What the exercise asks :: The reply should hold only the lines below beginning at the one with "Mittellange Haare Trendfrisur" and ending at the one with "Anna Dames Fake leather broek groen", copied exactly, with every picture left out.

Data provided ::

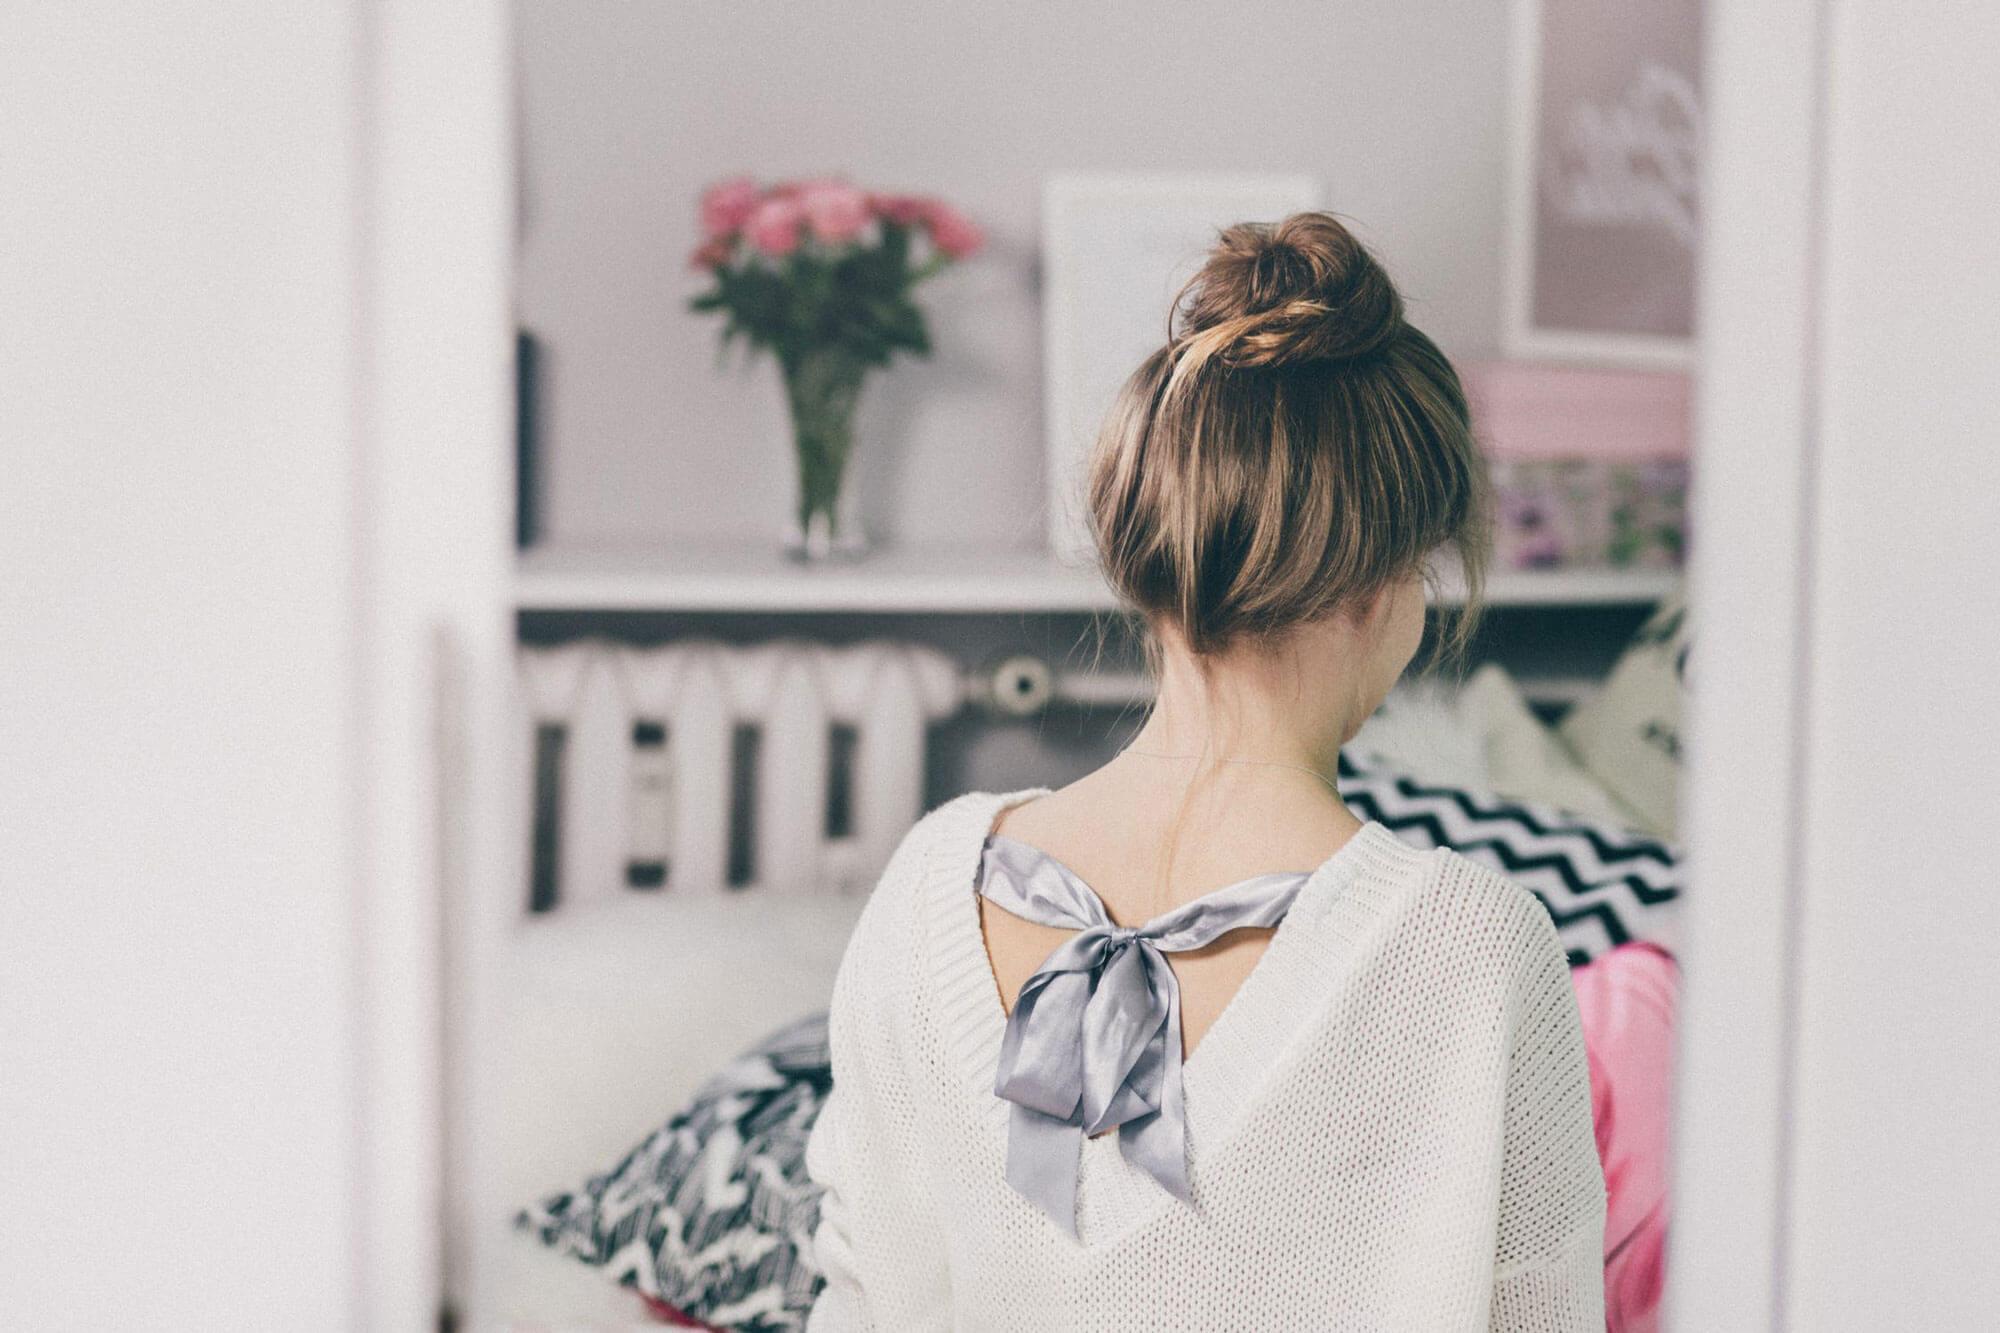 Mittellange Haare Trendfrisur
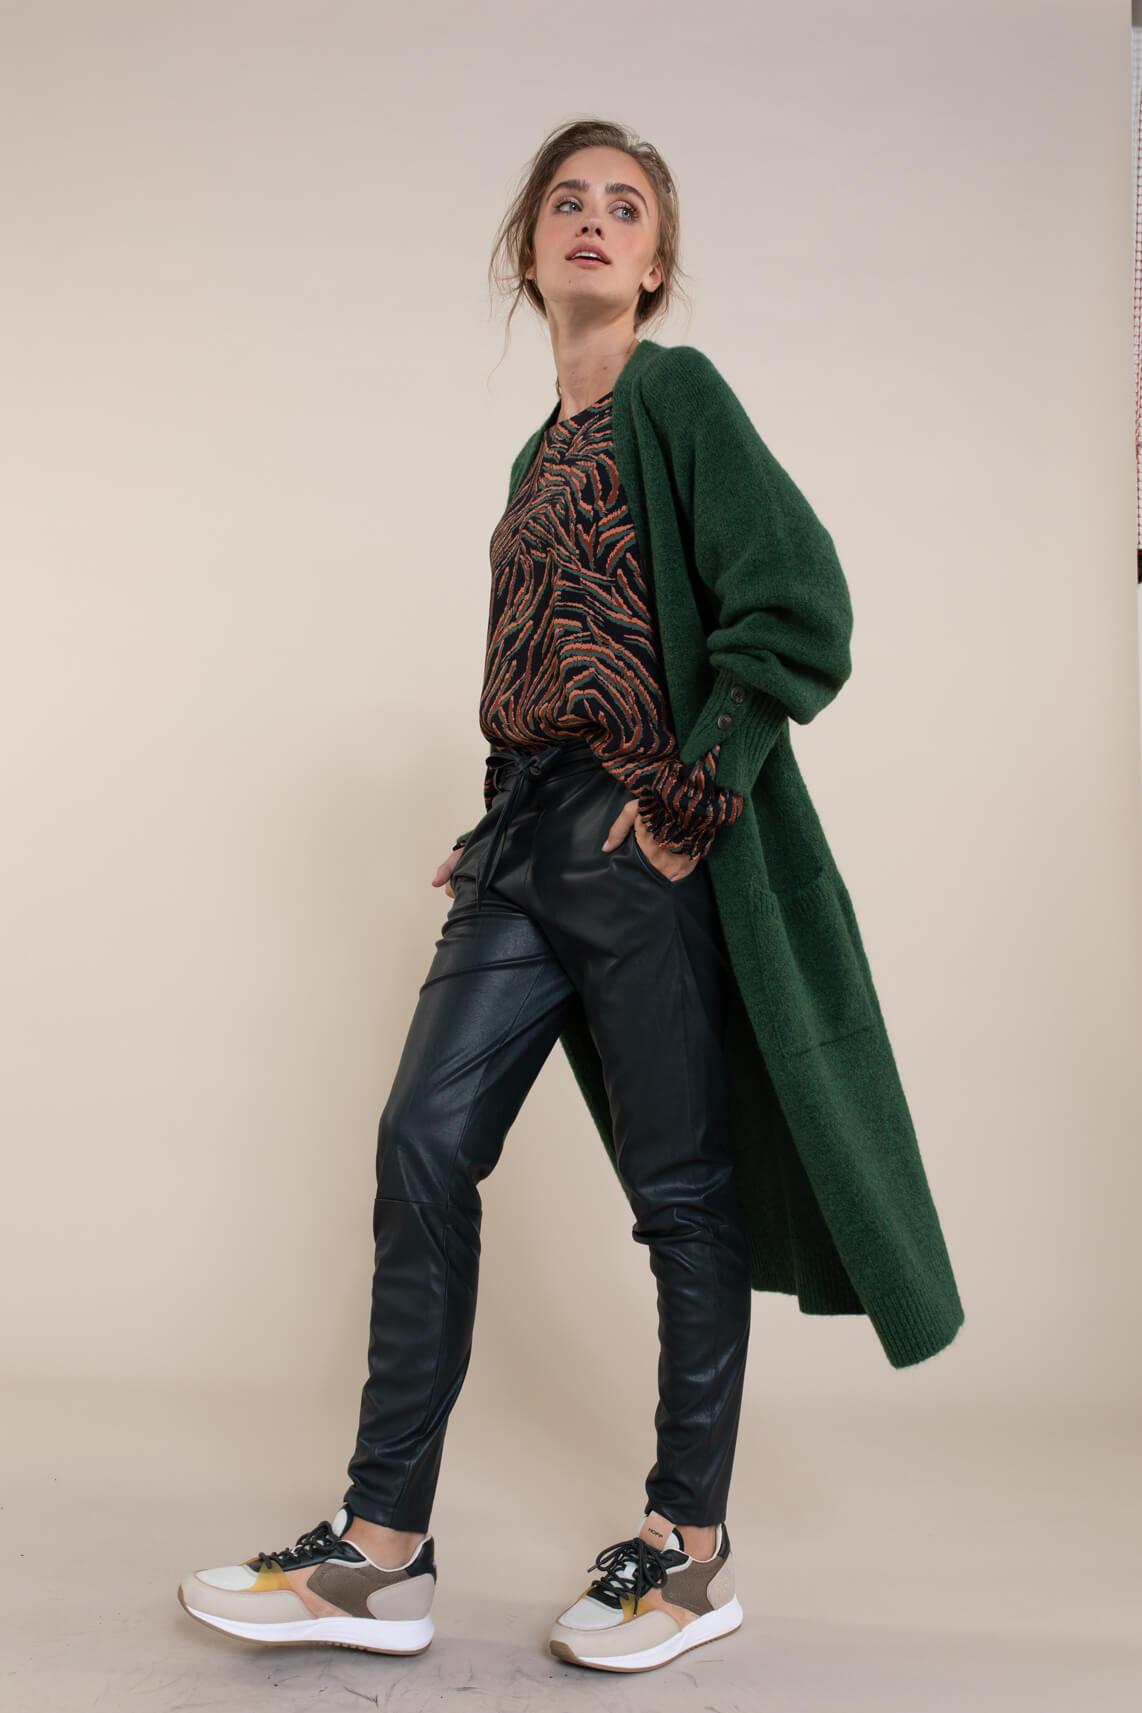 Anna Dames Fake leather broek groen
...
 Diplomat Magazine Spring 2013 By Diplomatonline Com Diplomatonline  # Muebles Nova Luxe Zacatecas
==
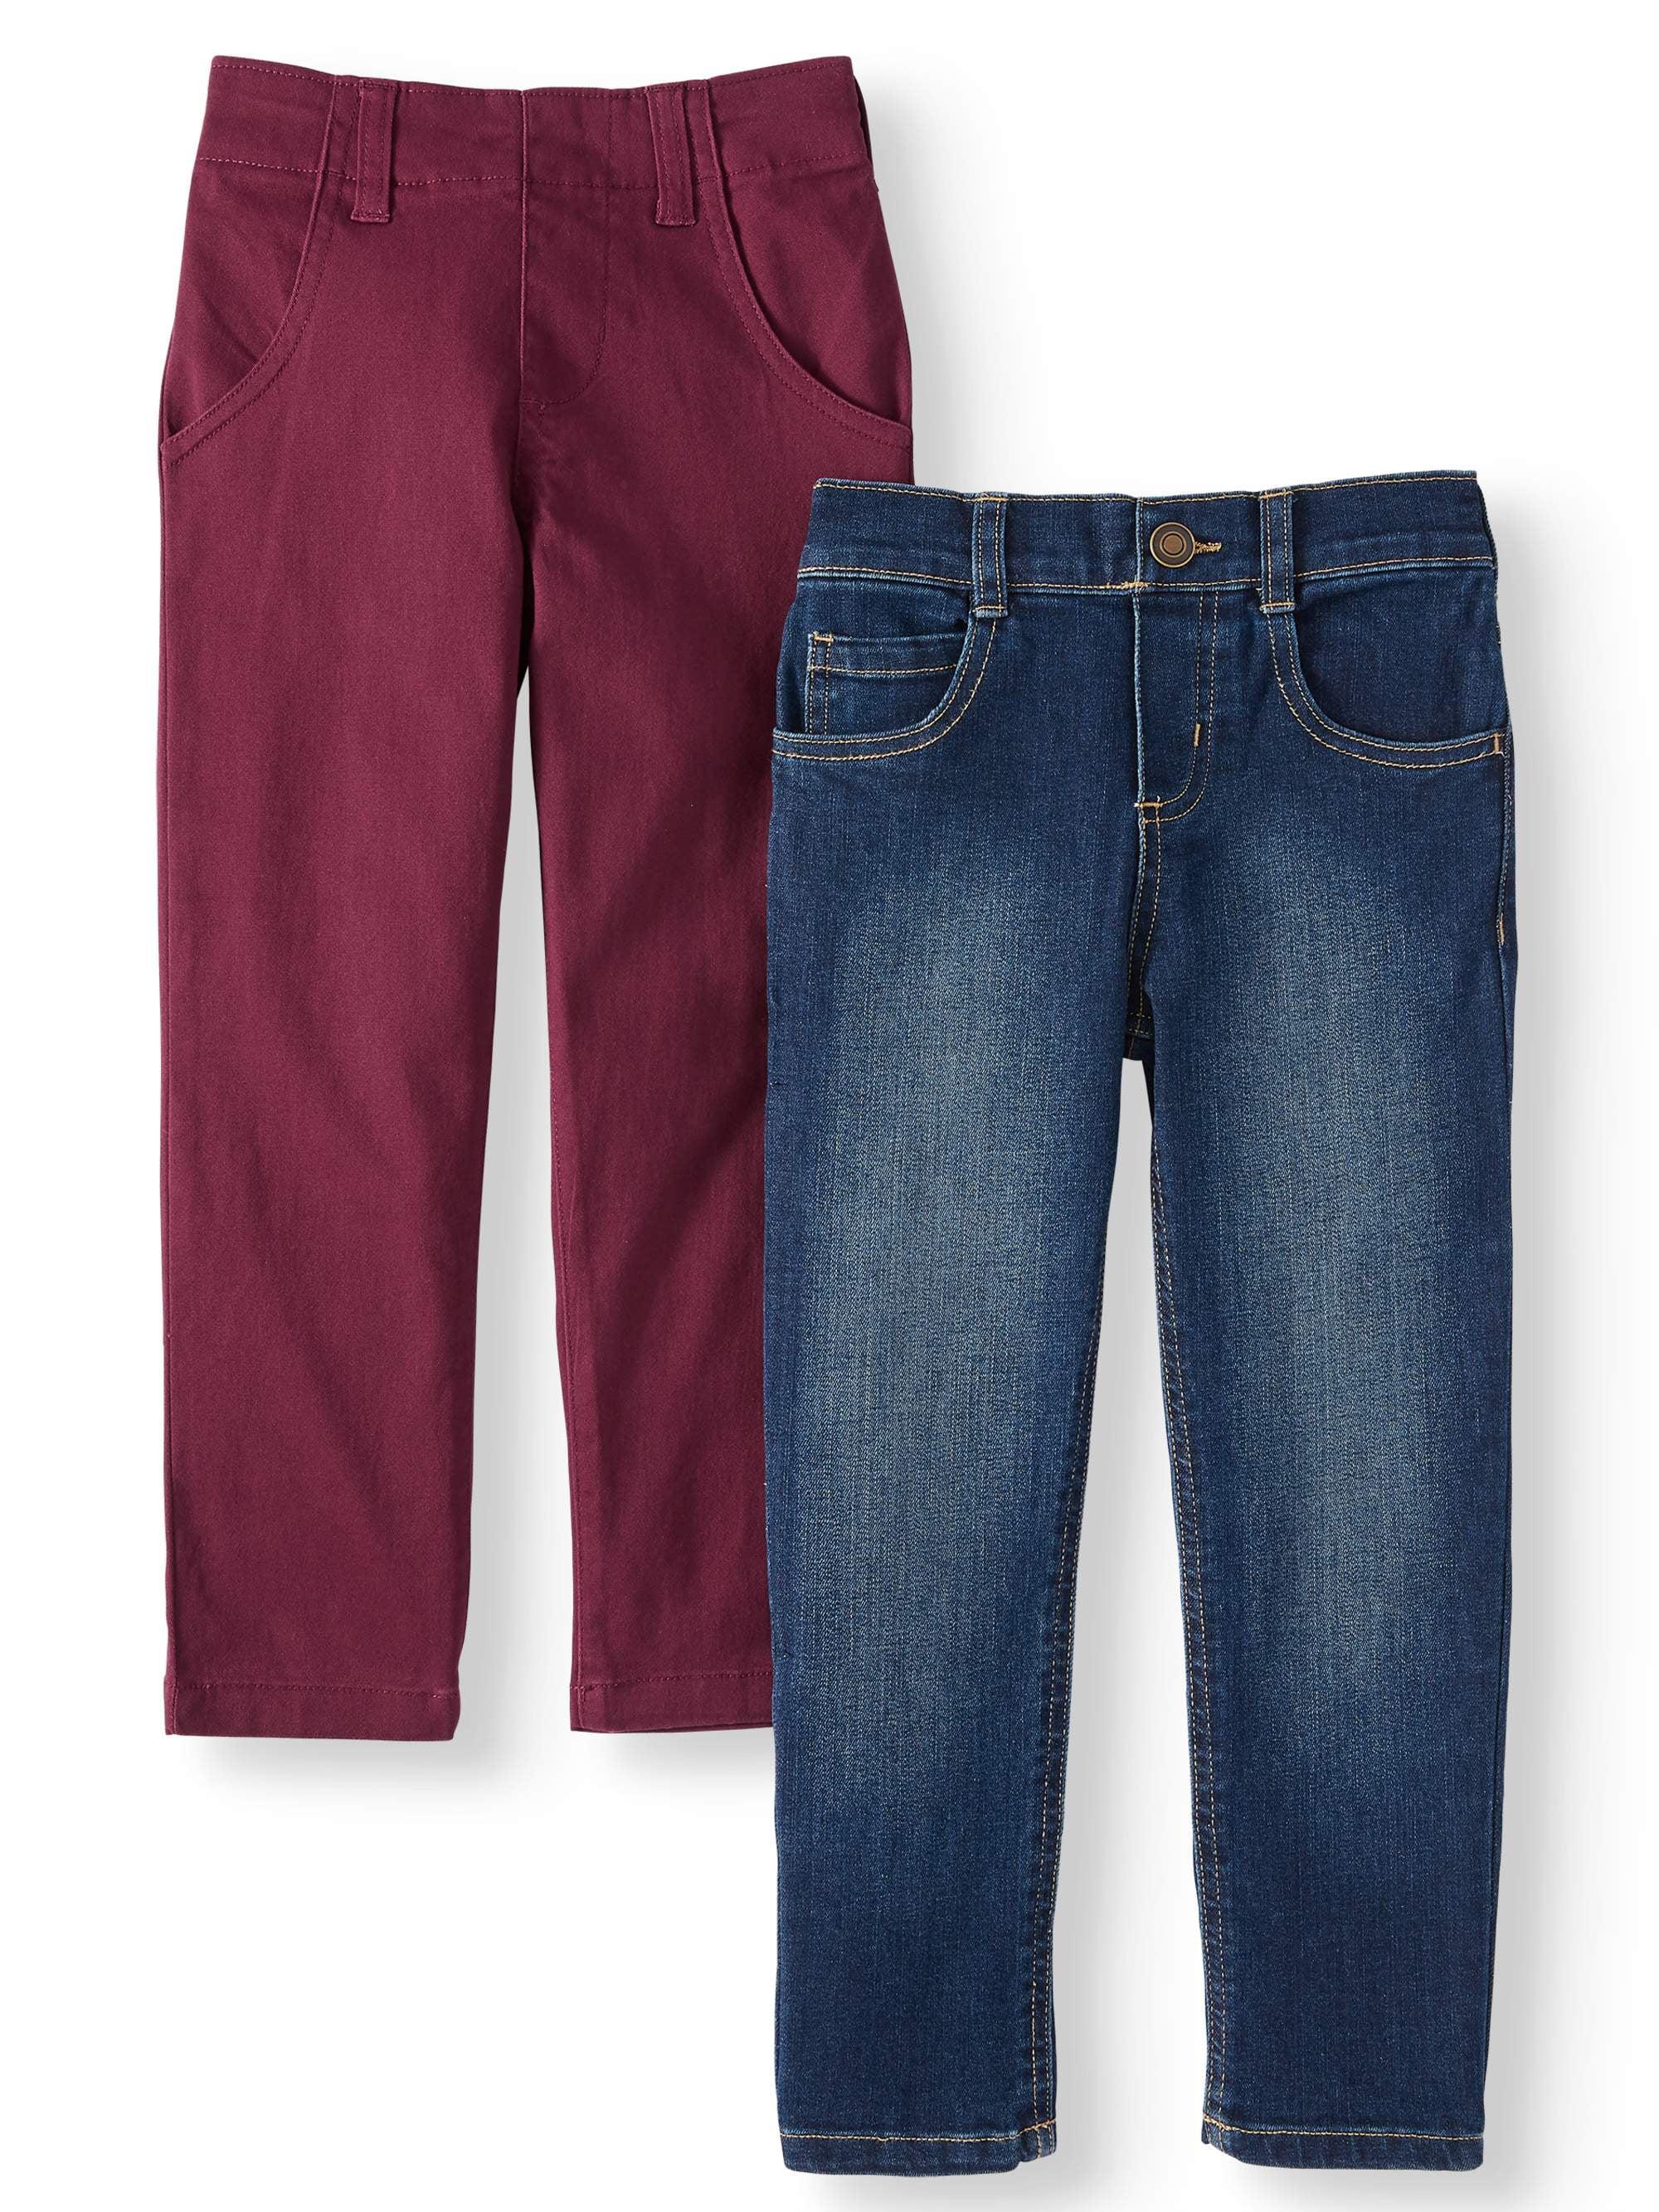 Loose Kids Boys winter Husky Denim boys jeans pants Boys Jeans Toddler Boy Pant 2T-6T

Response to this task ::
 Mittellange Haare Trendfrisur
 Anna Dames Fake leather broek groen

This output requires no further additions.